LLM as Explainable Re-Ranker for Recommendation System
Yaqi Wang, Haojia Sun, Shuting Zhang
TL;DR
The paper tackles the explainability and bias issues in traditional recommender systems by introducing an LLM-based re-ranker that operates in tandem with conventional models. It proposes a two-stage training pipeline (SFT followed by DPO with RPO) alongside bootstrapping and self-consistency to mitigate position and popularity biases while generating user-friendly explanations. A carefully constructed dataset and extensive experiments demonstrate improved NDCG and explainability, particularly for weaker base models, with statistical validation. The work highlights the potential of integrating LLMs into ranking to produce transparent, fair, and effective recommendations, while noting limitations in leveraging graph information and dataset quality for further improvements.
Abstract
The application of large language models (LLMs) in recommendation systems has recently gained traction.
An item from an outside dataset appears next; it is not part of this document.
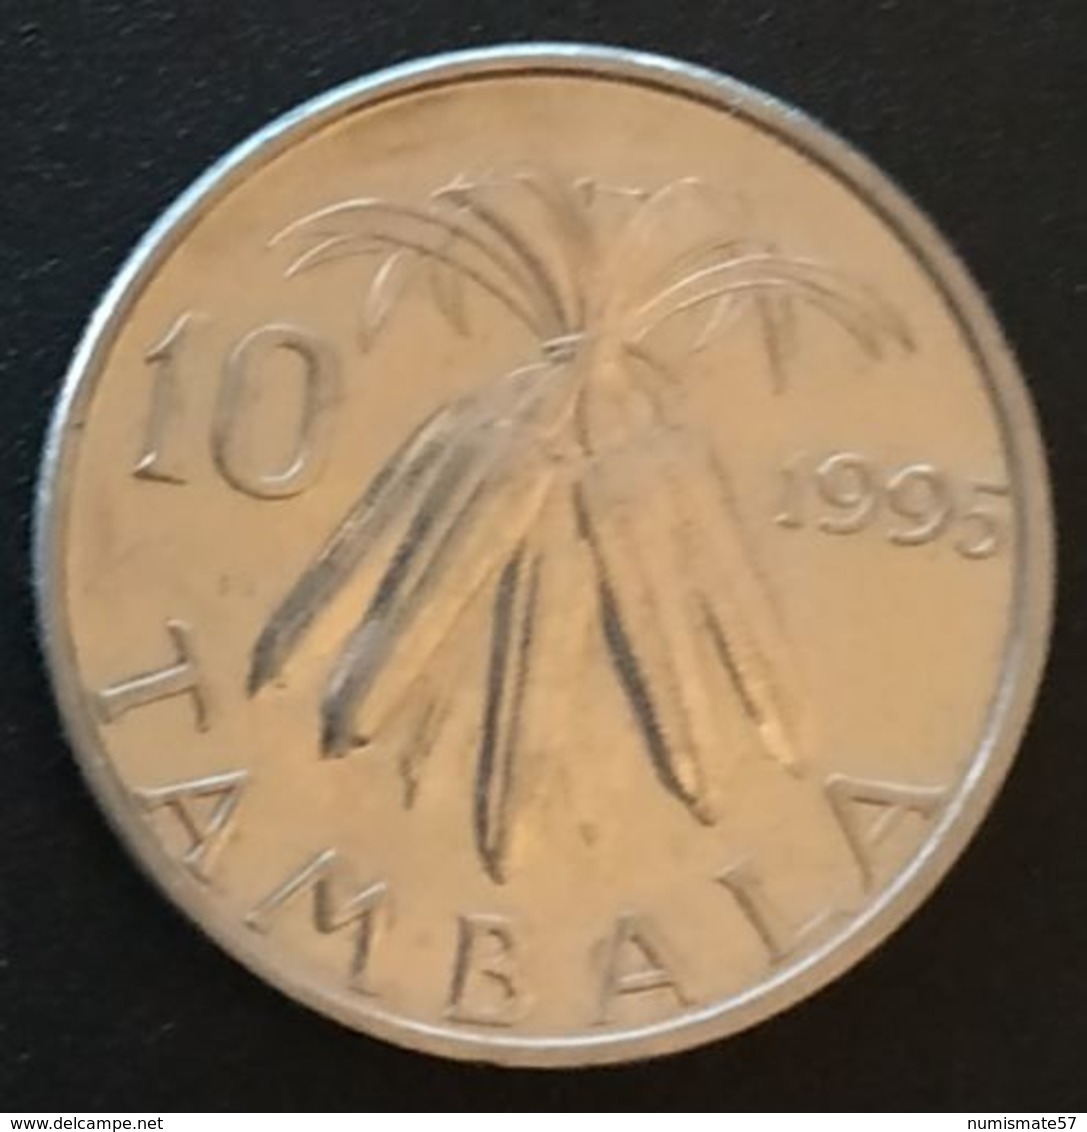 MALAWI - 10 TAMBALA 1995 - KM 27 - Malawi

Traditional recommendation systems often lack explainability and suffer from issues such as popularity bias. Previous research has also indicated that LLMs, when used as standalone predictors, fail to achieve accuracy comparable to traditional models. To address these challenges, we propose to use LLM as an explainable re-ranker, a hybrid approach that combines traditional recommendation models with LLMs to enhance both accuracy and interpretability. We constructed a dataset to train the re-ranker LLM and evaluated the alignment between the generated dataset and human expectations. Leveraging a two-stage training process, our model significantly improved NDCG, a key ranking metric. Moreover, the re-ranker outperformed a zero-shot baseline in ranking accuracy and interpretability. These results highlight the potential of integrating traditional recommendation models with LLMs to address limitations in existing systems and pave the way for more explainable and fair recommendation frameworks.